Your copy of the data should match it exactly, except that the pictures are gone.
-- Recorded data follows --
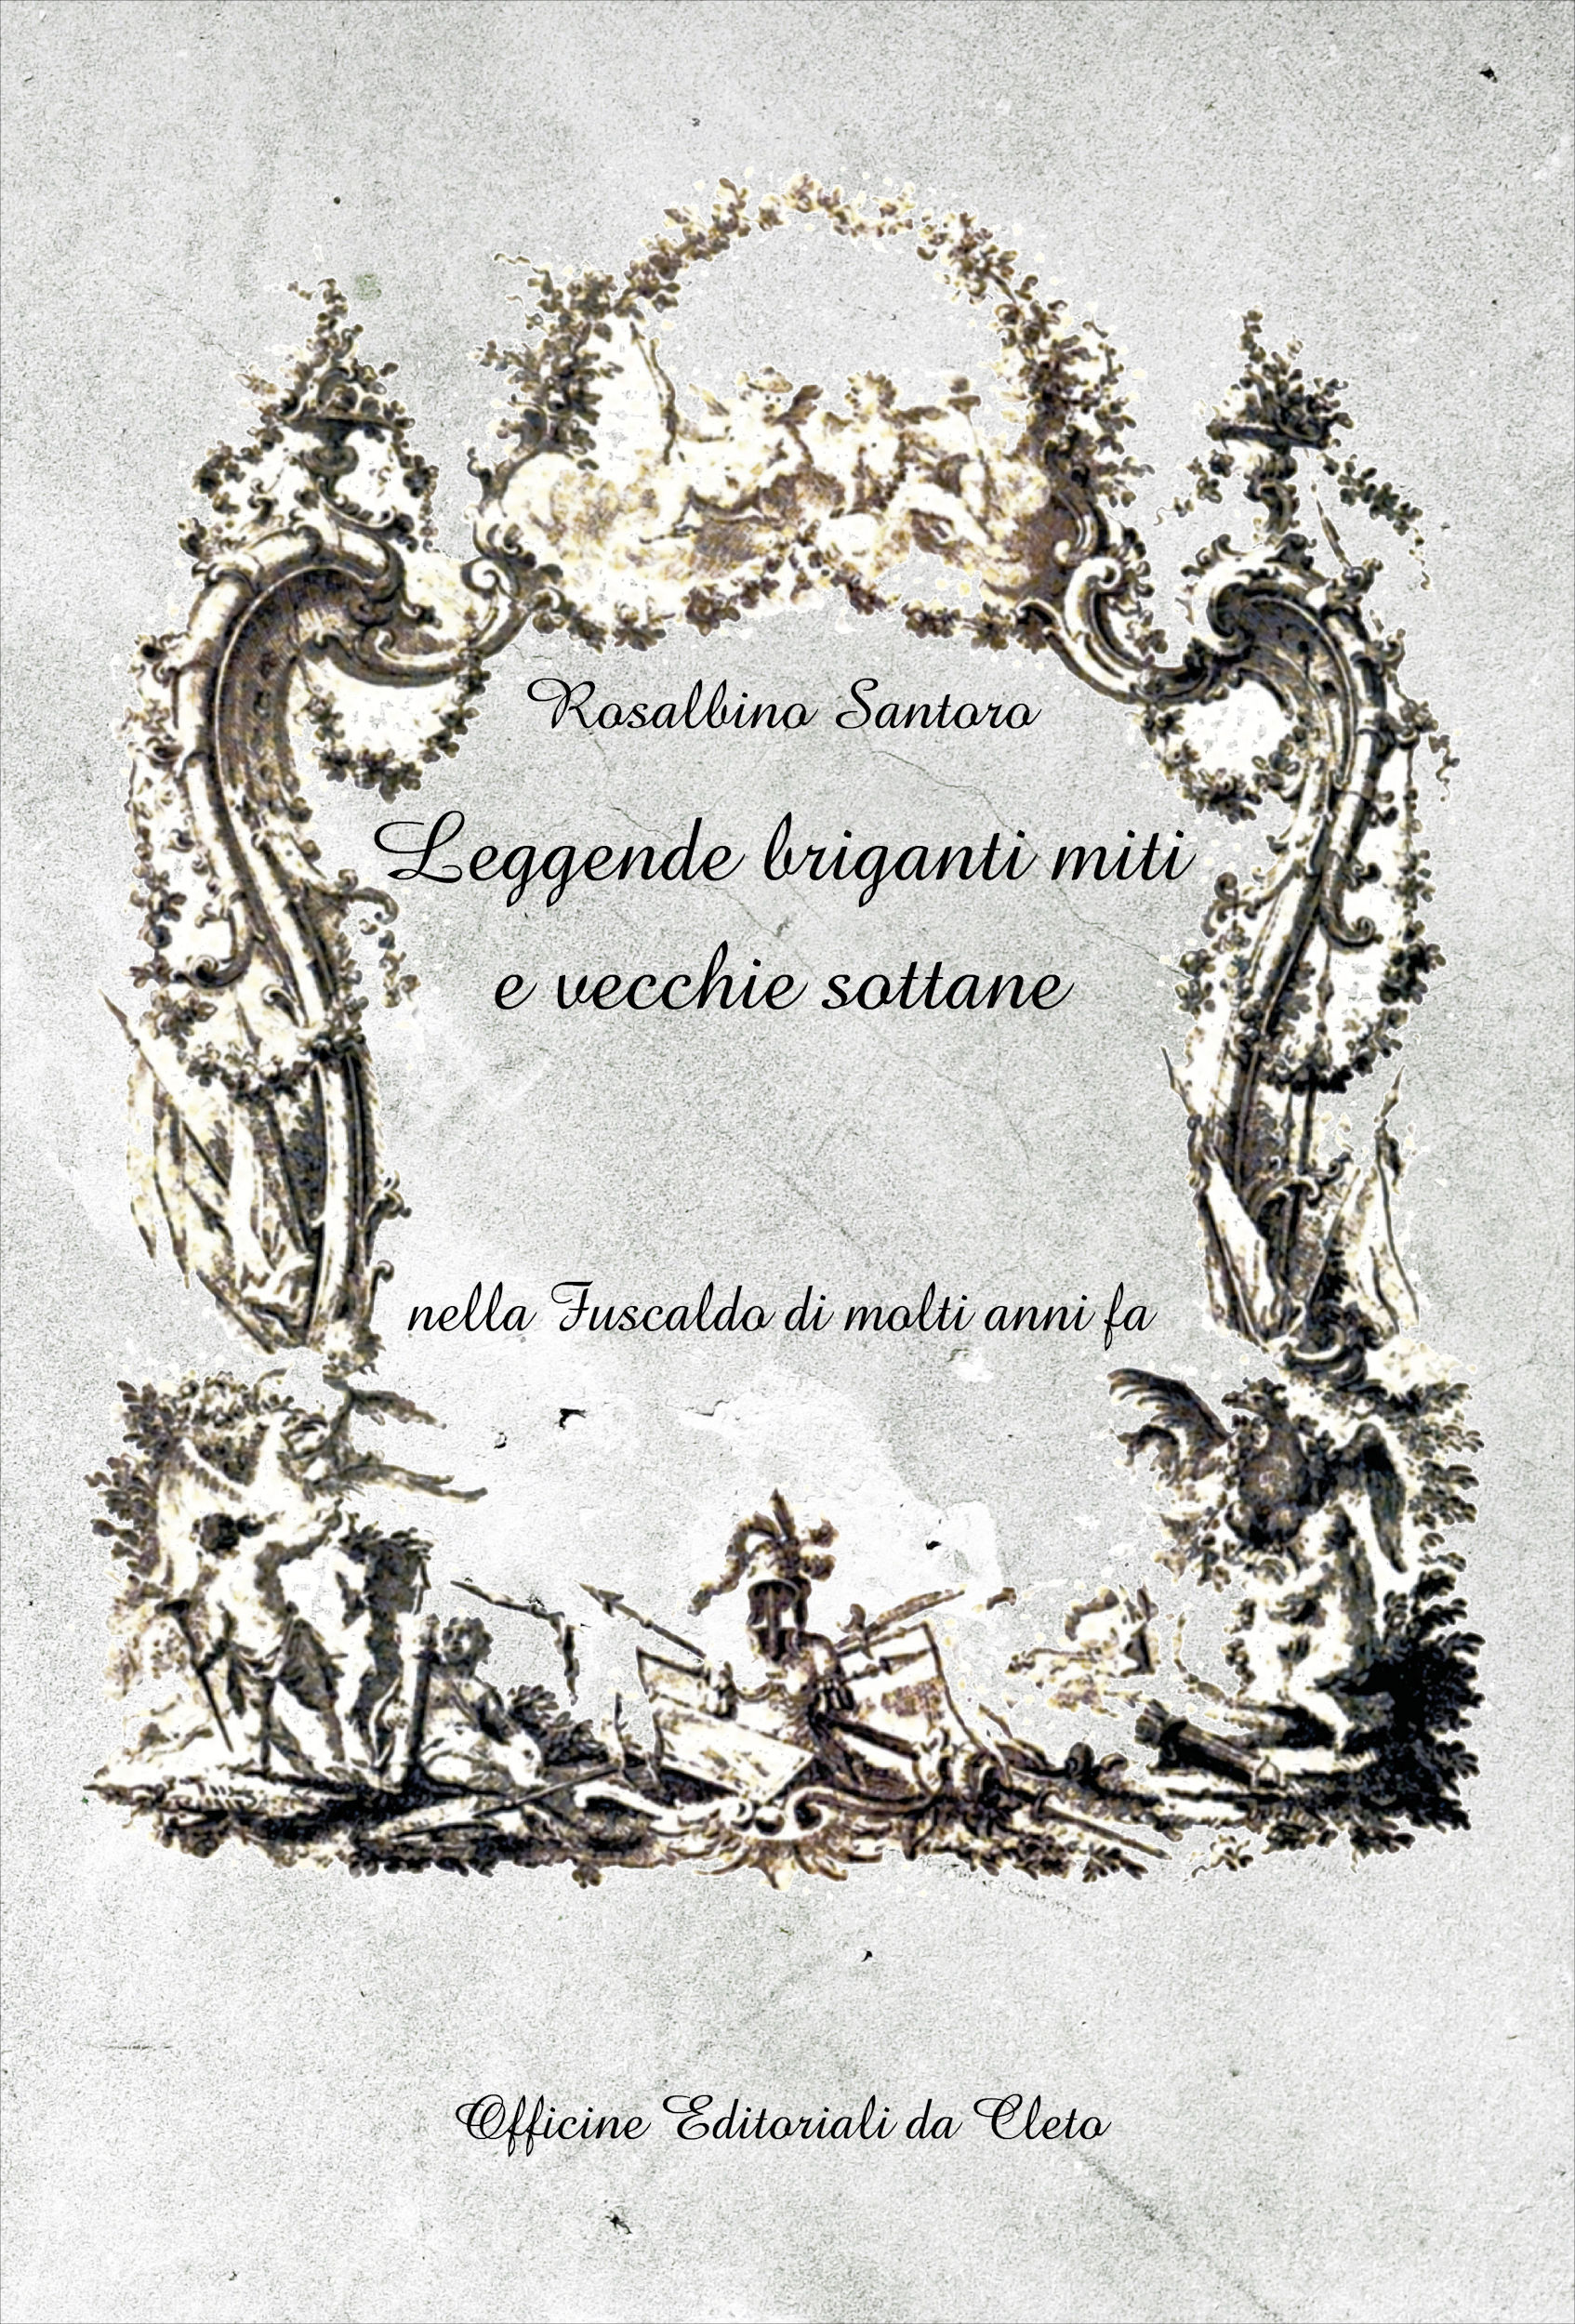 La copertina del libro di Rosalbino Santoro dal titolo Leggende briganti miti e vecchie sottane
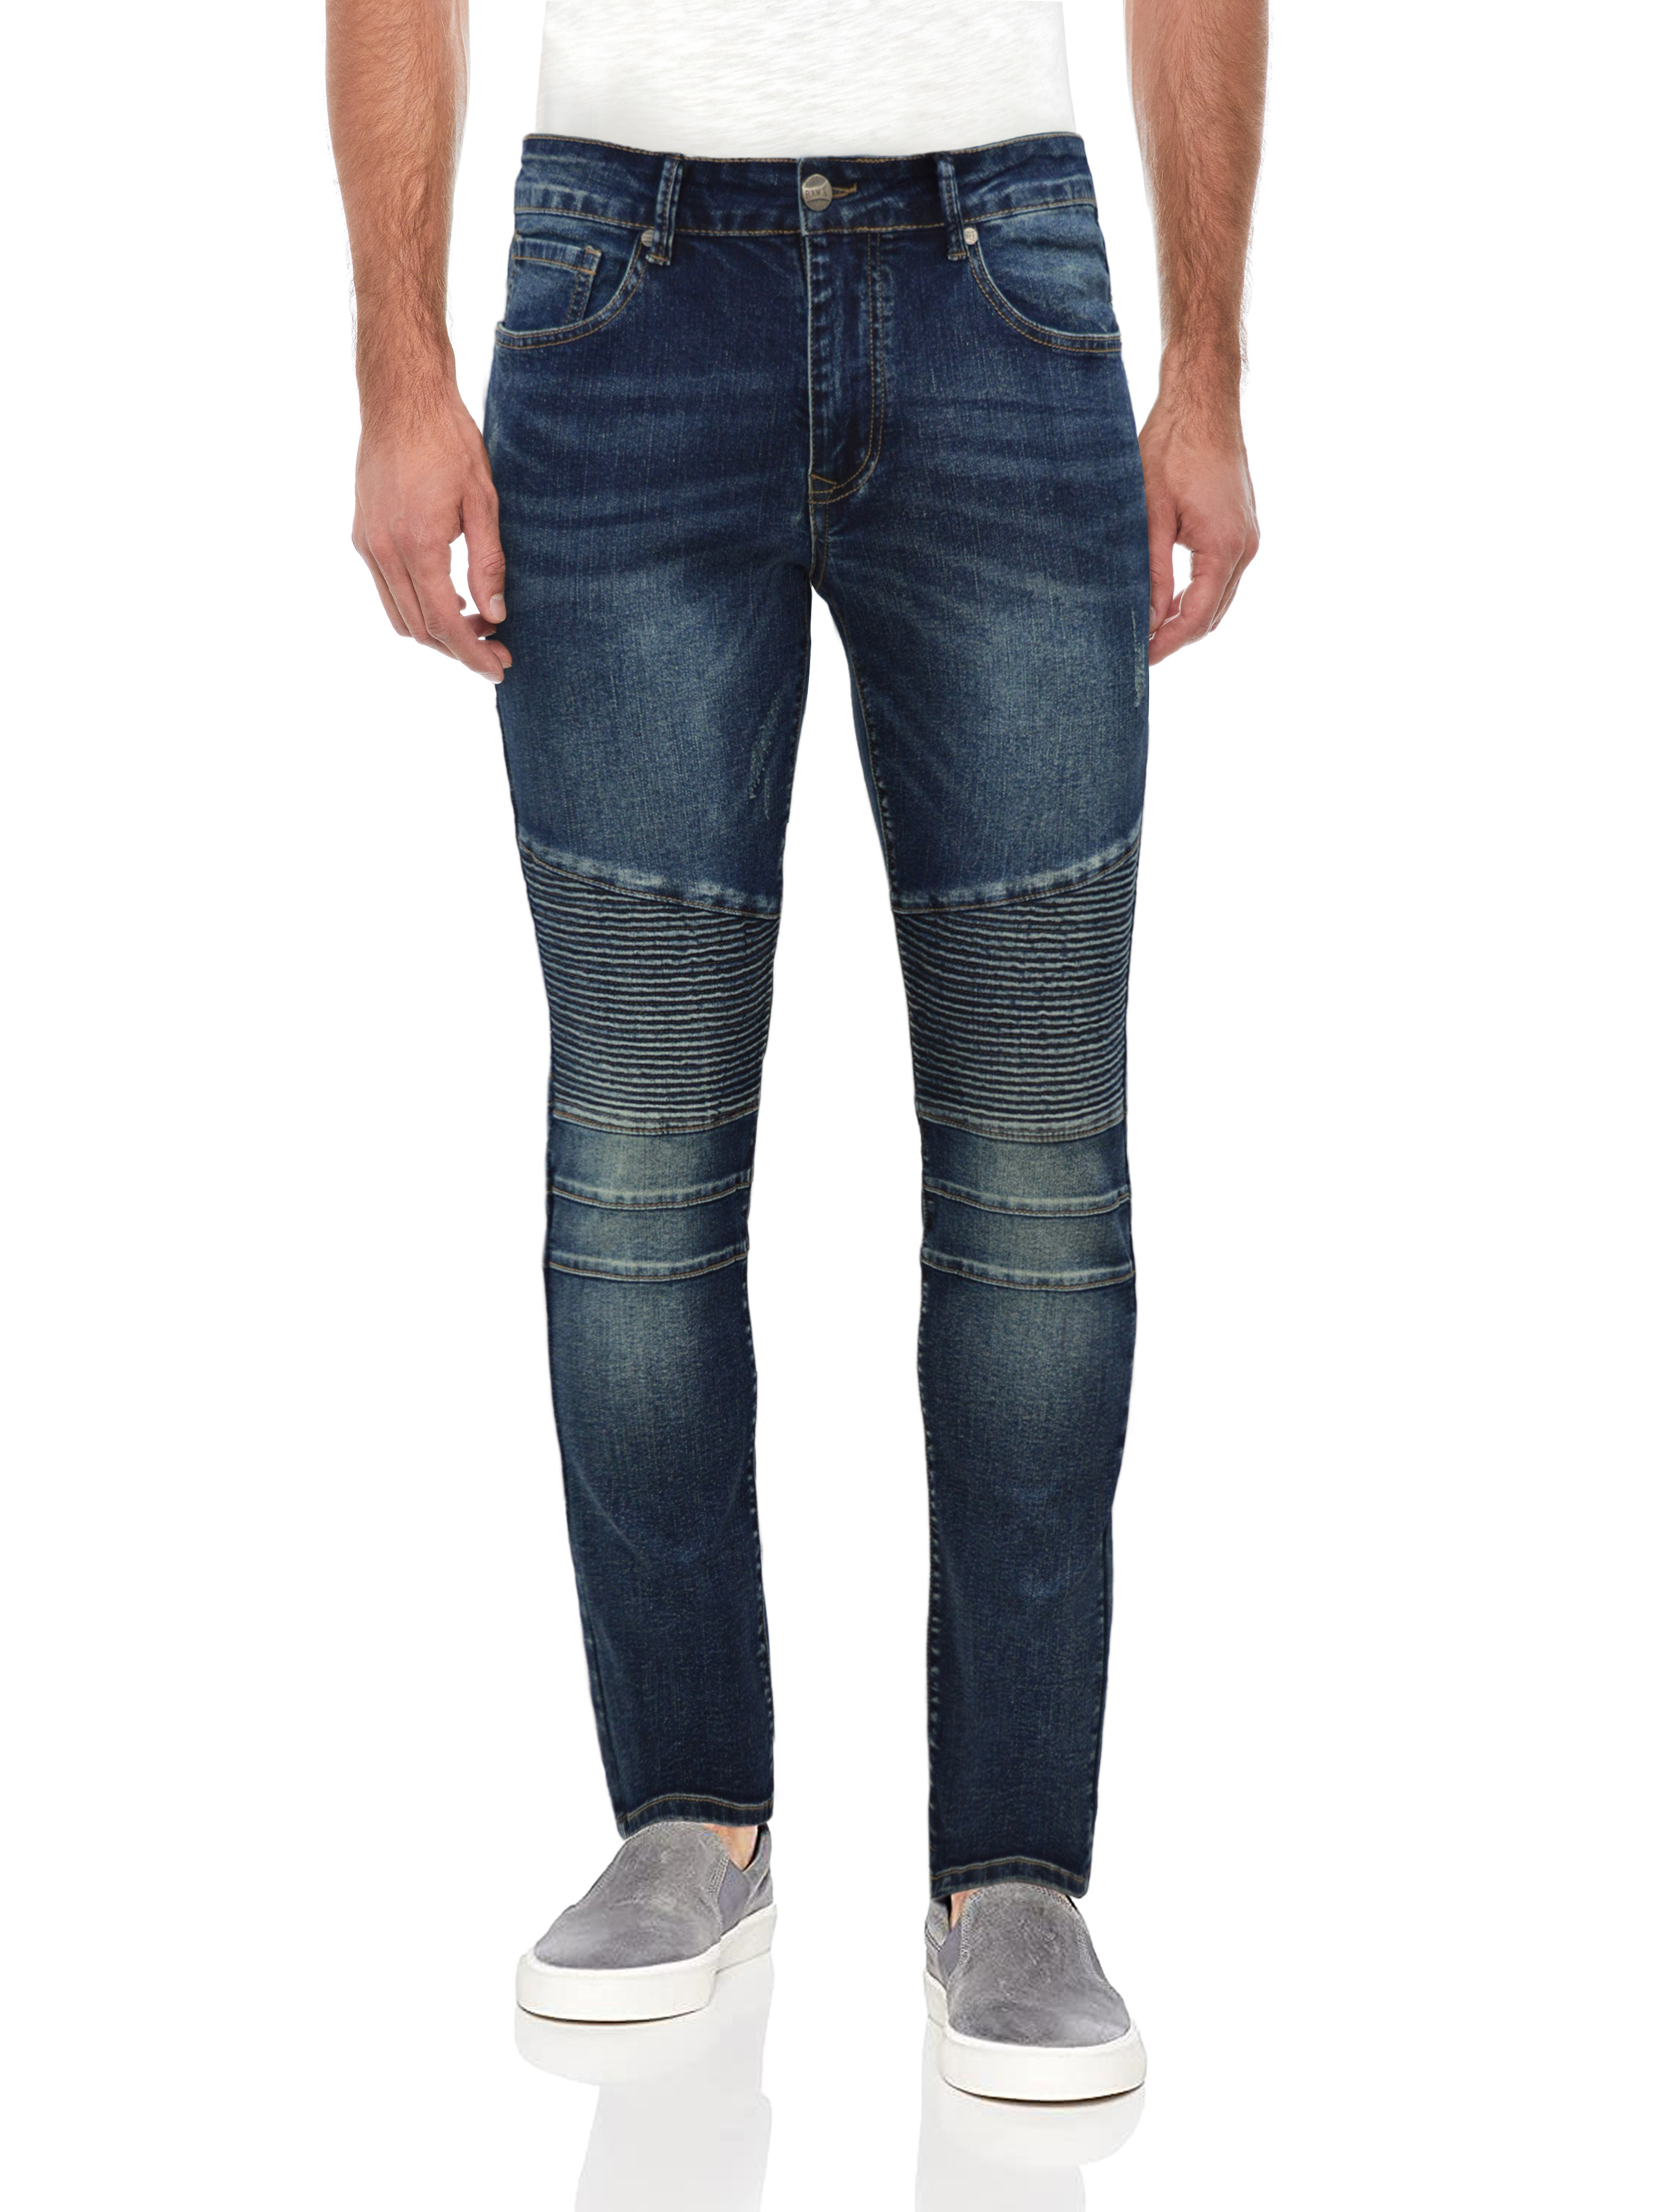 RAW X Men's Slim Fit Skinny Biker Jean, Comfy Flex Stretch Moto Wash Rip Distressed Denim Jeans Pants - image 1 of 5
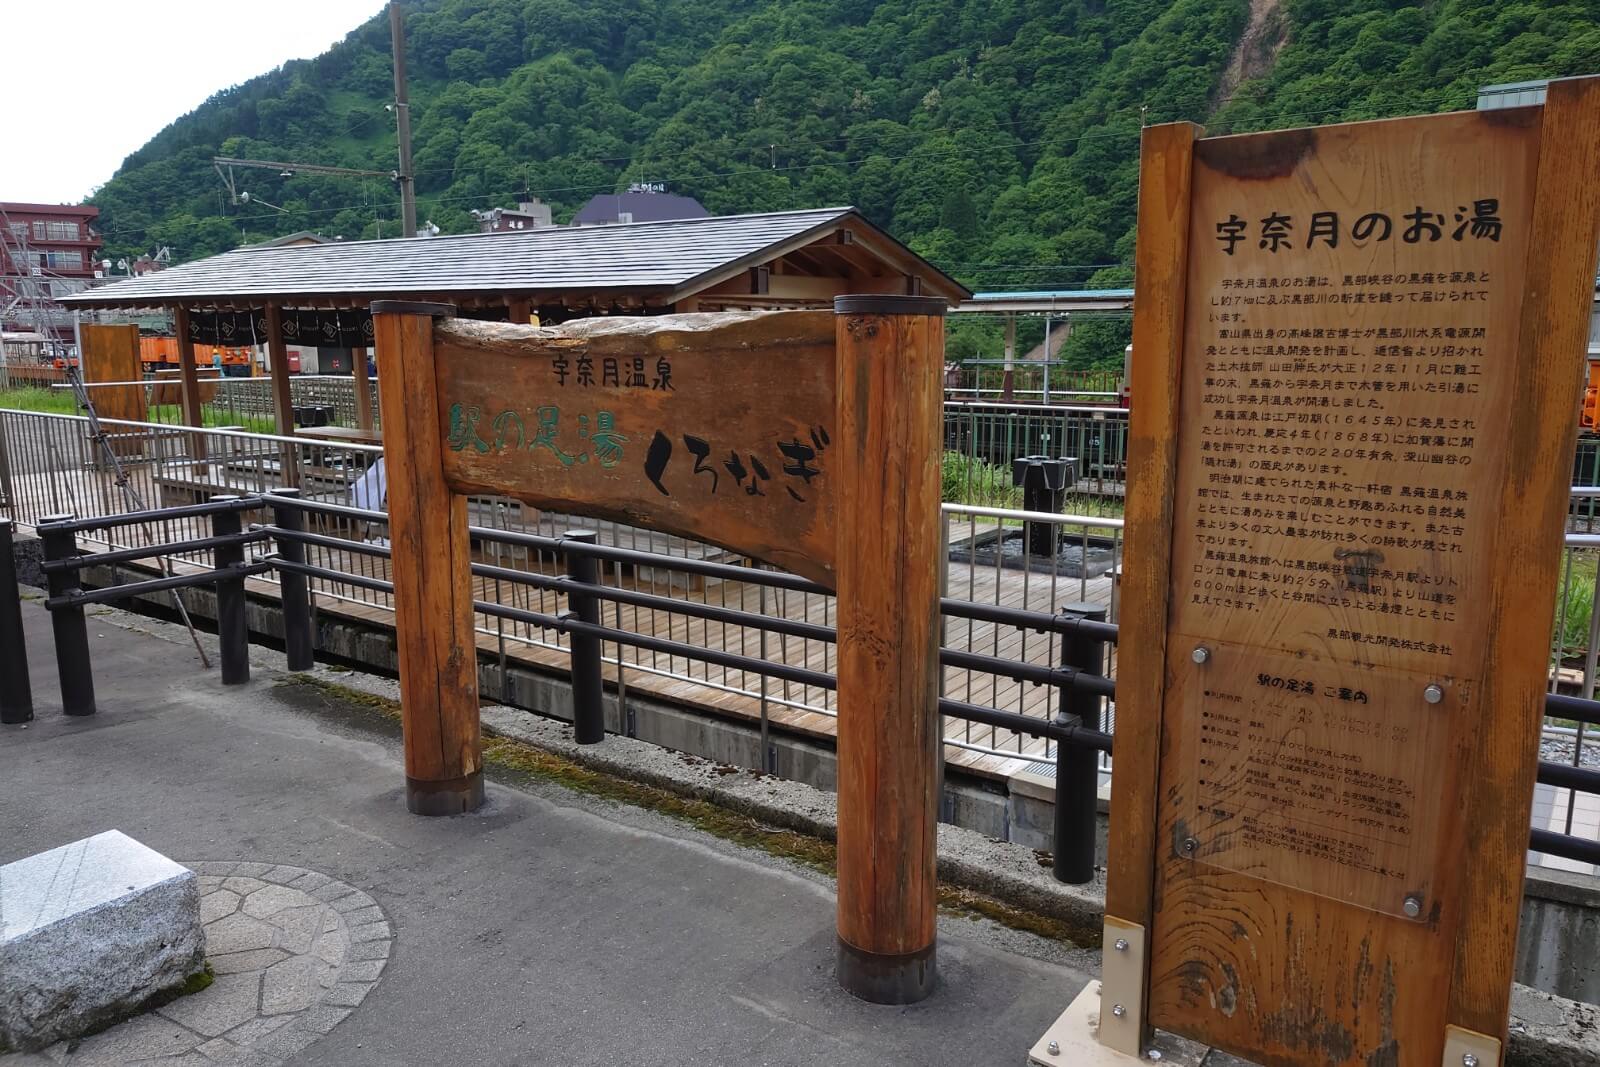 駅の足湯くろなぎ,宇奈月温泉
-- Recorded data concluded --
» **Response below**:
 La copertina del libro di Rosalbino Santoro dal titolo Leggende briganti miti e vecchie sottane
 RAW X Men's Slim Fit Skinny Biker Jean, Comfy Flex Stretch Moto Wash Rip Distressed Denim Jeans Pants - image 1 of 5
 駅の足湯くろなぎ,宇奈月温泉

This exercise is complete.